● **WHAT NEEDS TO BE DONE**: After locating the line that contains "The District Basketball Tee T-shirt" in the material below, copy that line and each one following it, exactly, up to the last line. Pictures stay out.

^^^^^^^^

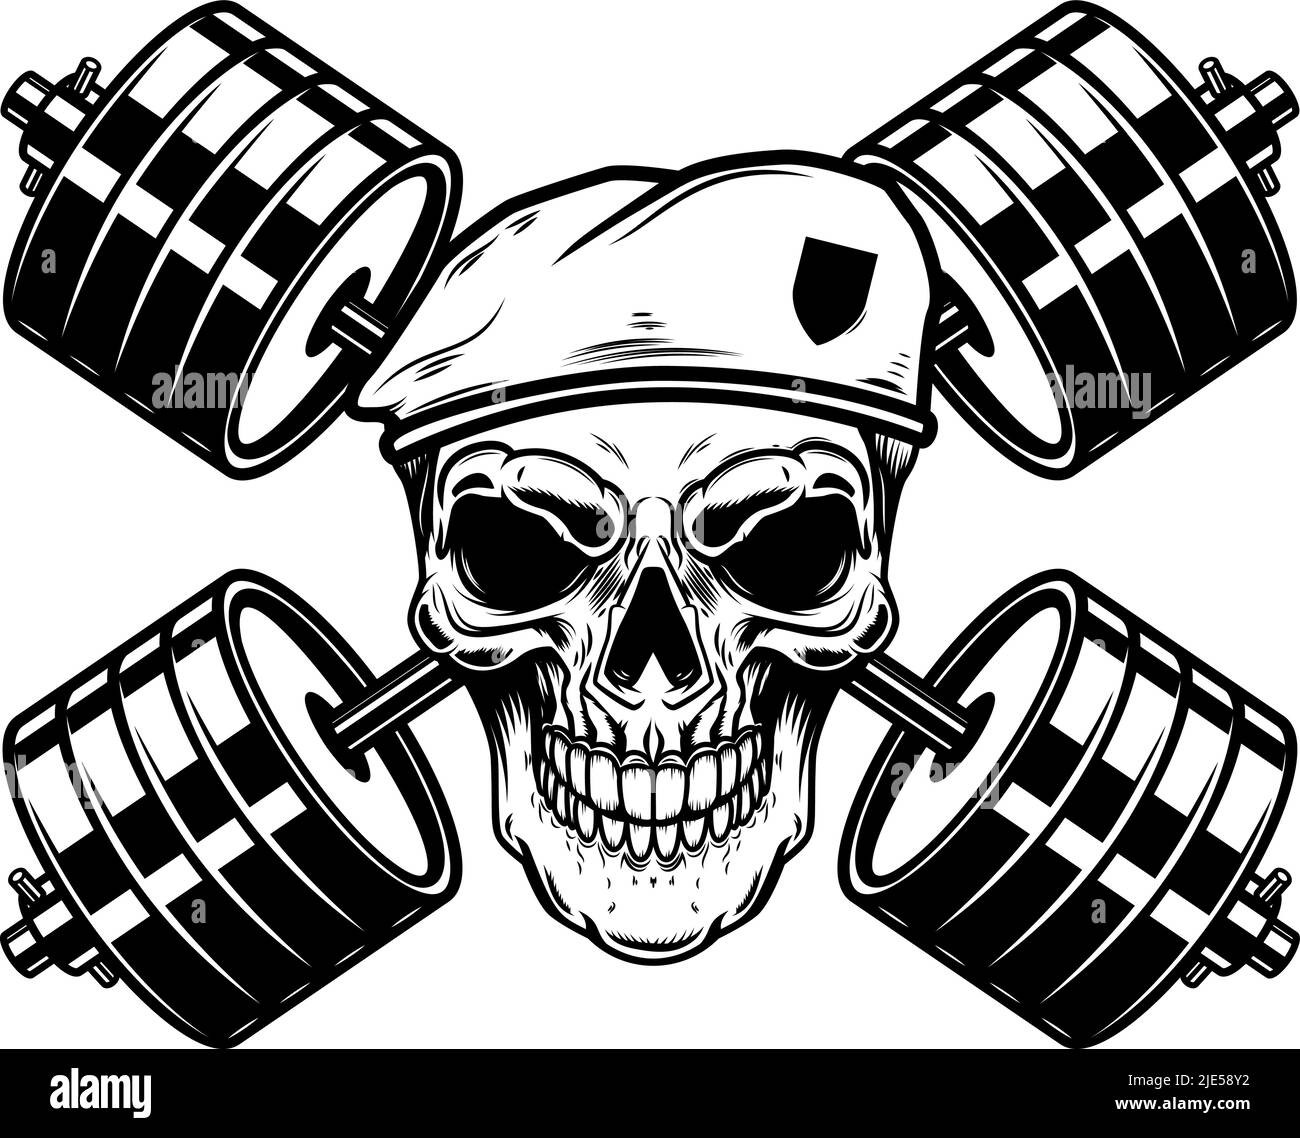 Totenkopf des Soldaten mit gekreuzten Langhanteln. Gestaltungselement für Logo, Etikett, Schild. Vektorgrafik Stock Vektor
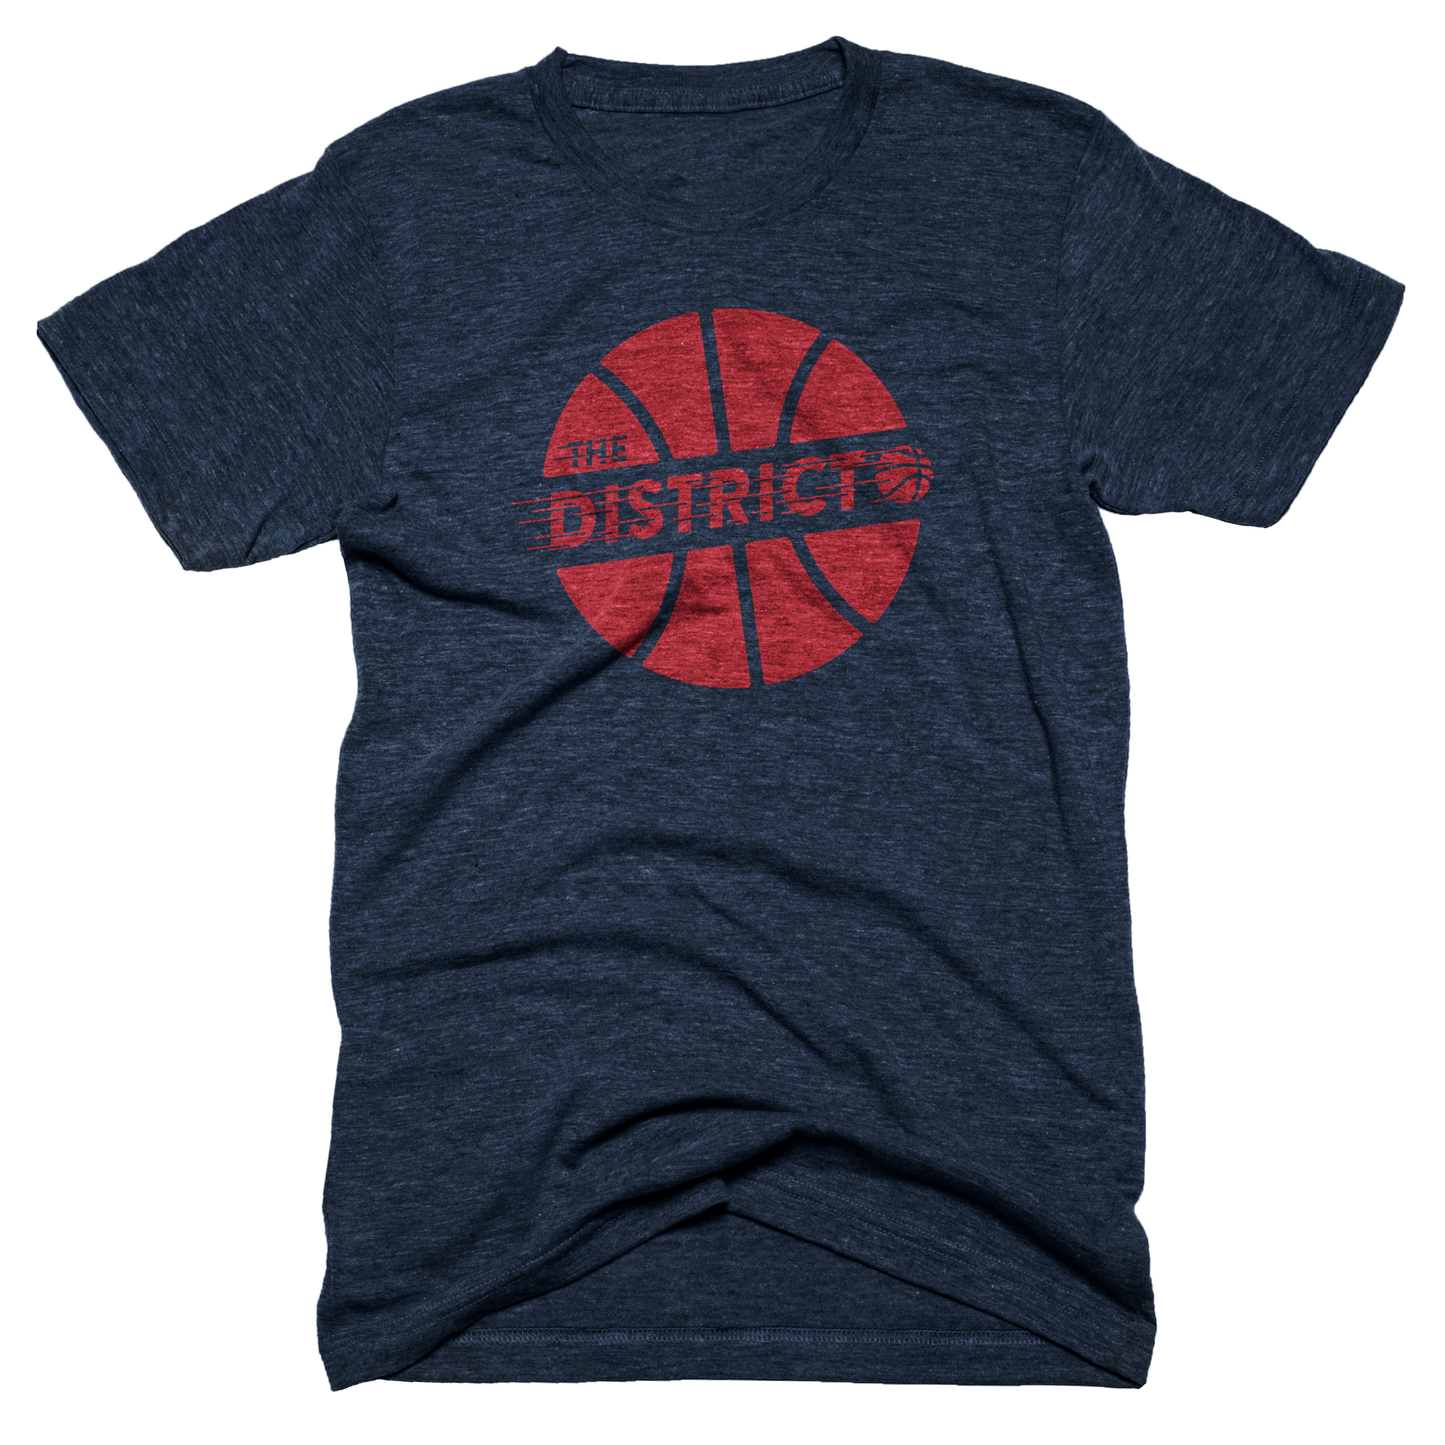 The District Basketball Tee T-shirt
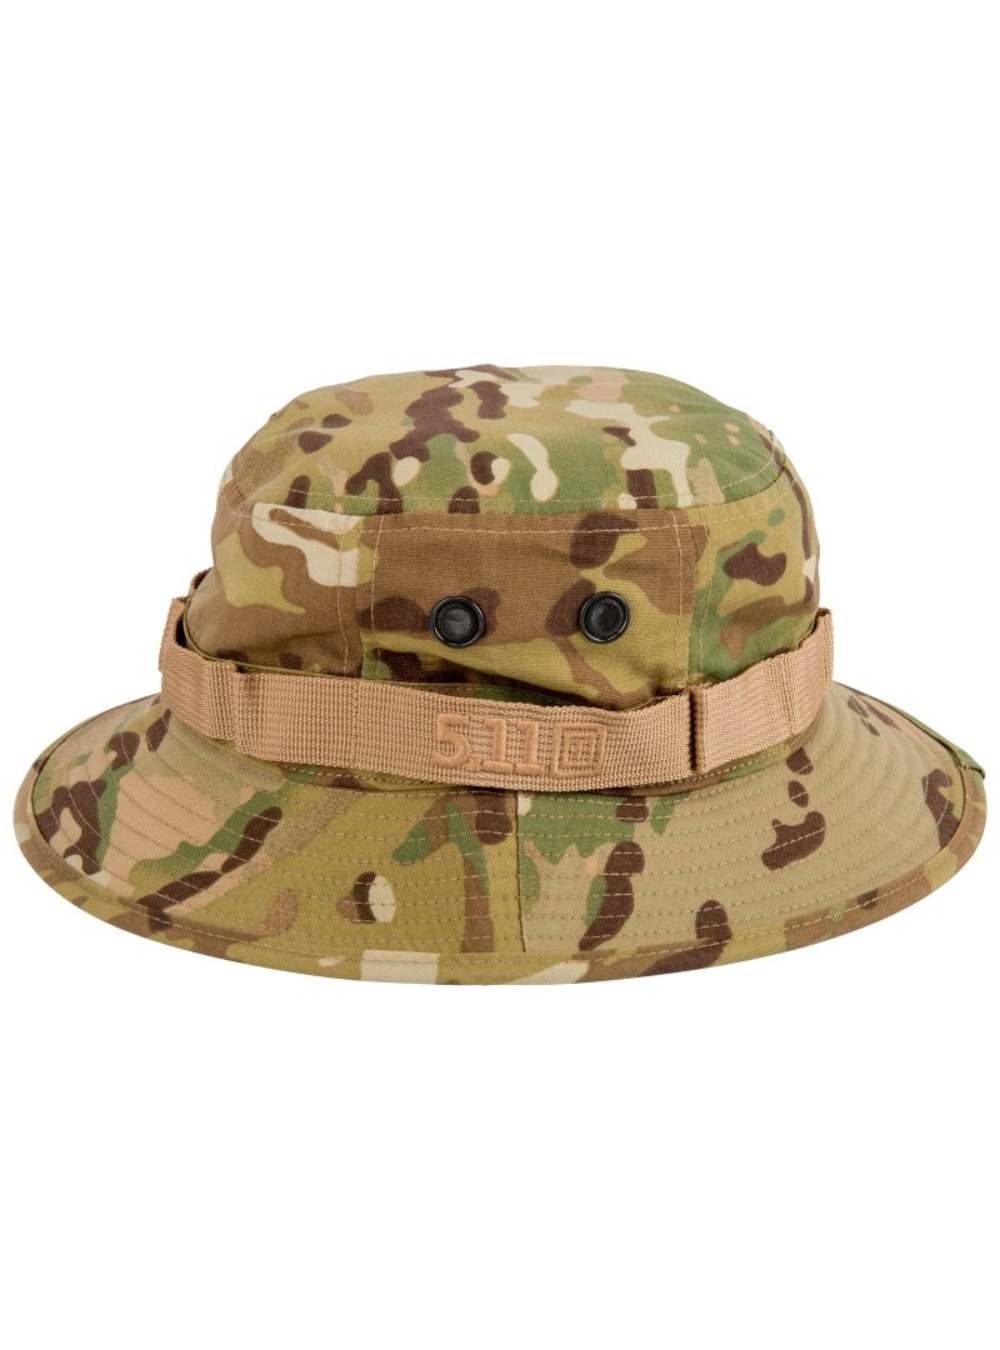 5.11 Tactical Boonie Hat - MultiCam
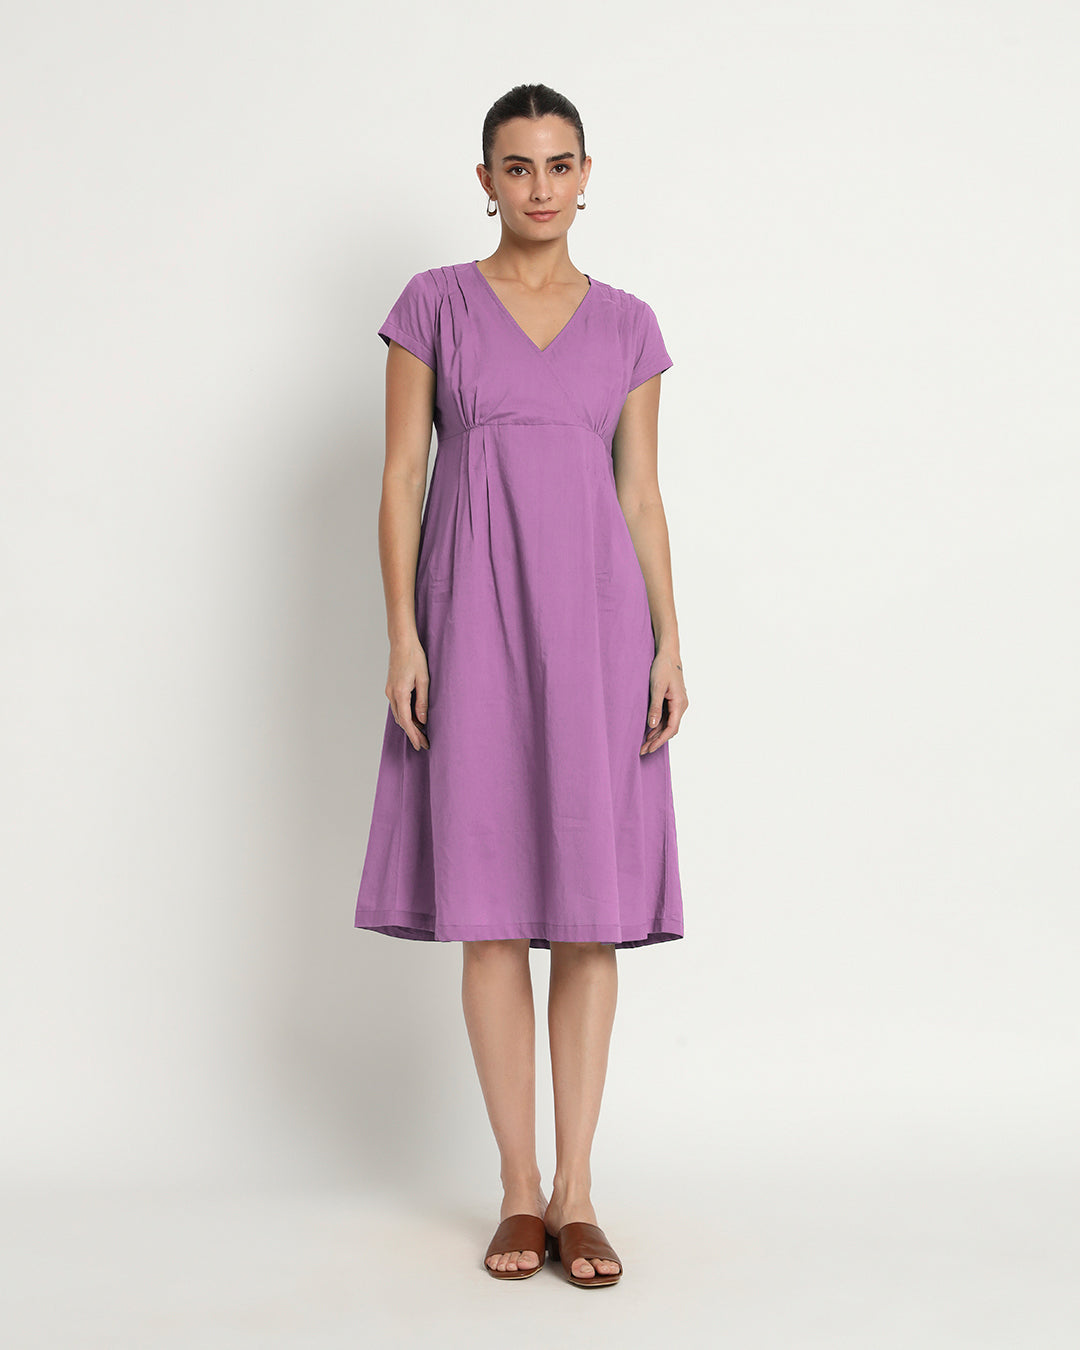 Wisteria Purple Voguish Verve V Neck Dress
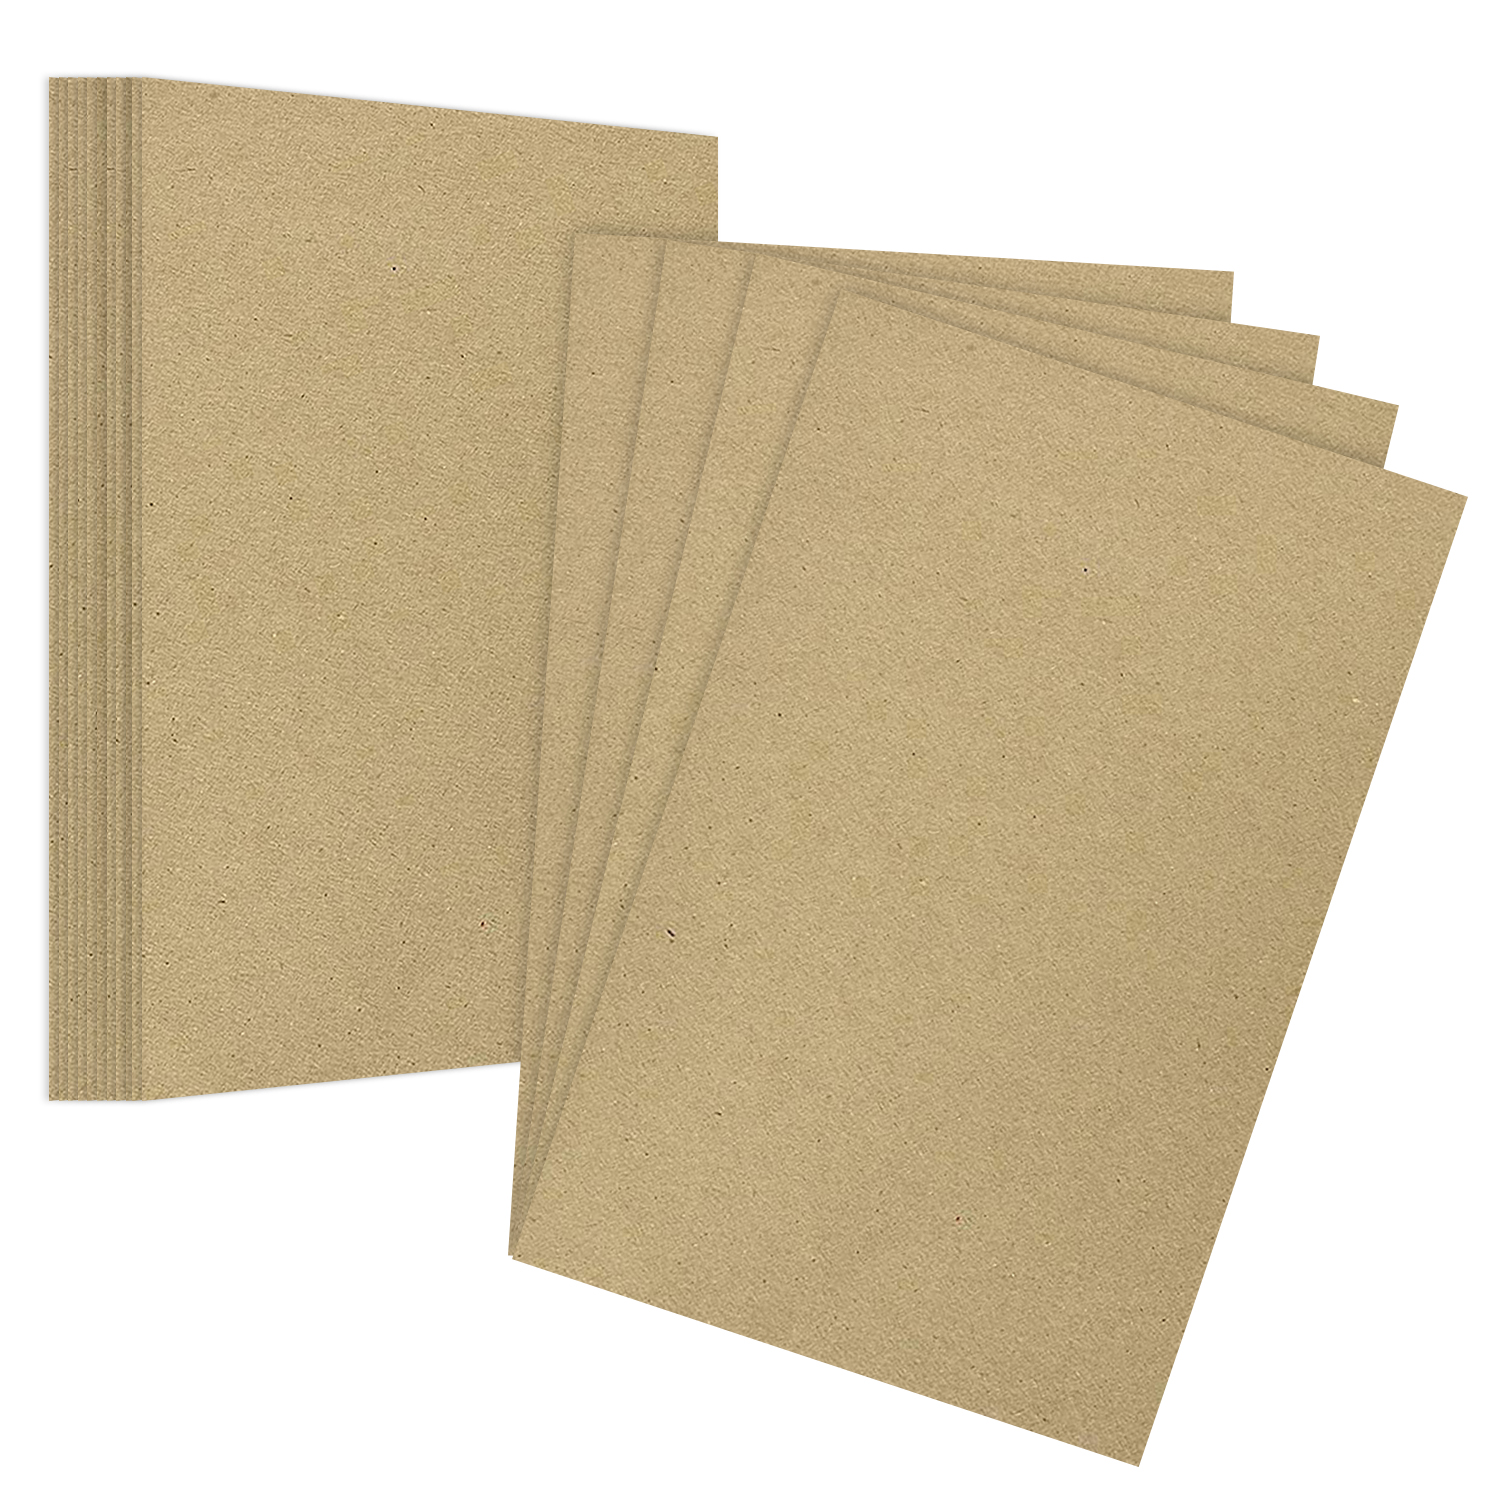 100 Sheets Chipboard 11 x 17 inch 30pt Medium Weight Brown Kraft Cardboard

^^^^^^^^

● **EXERCISE OUTPUT**:
 The District Basketball Tee T-shirt
 5.11 Tactical Boonie Hat - MultiCam
 Wisteria Purple Voguish Verve V Neck Dress
 100 Sheets Chipboard 11 x 17 inch 30pt Medium Weight Brown Kraft Cardboard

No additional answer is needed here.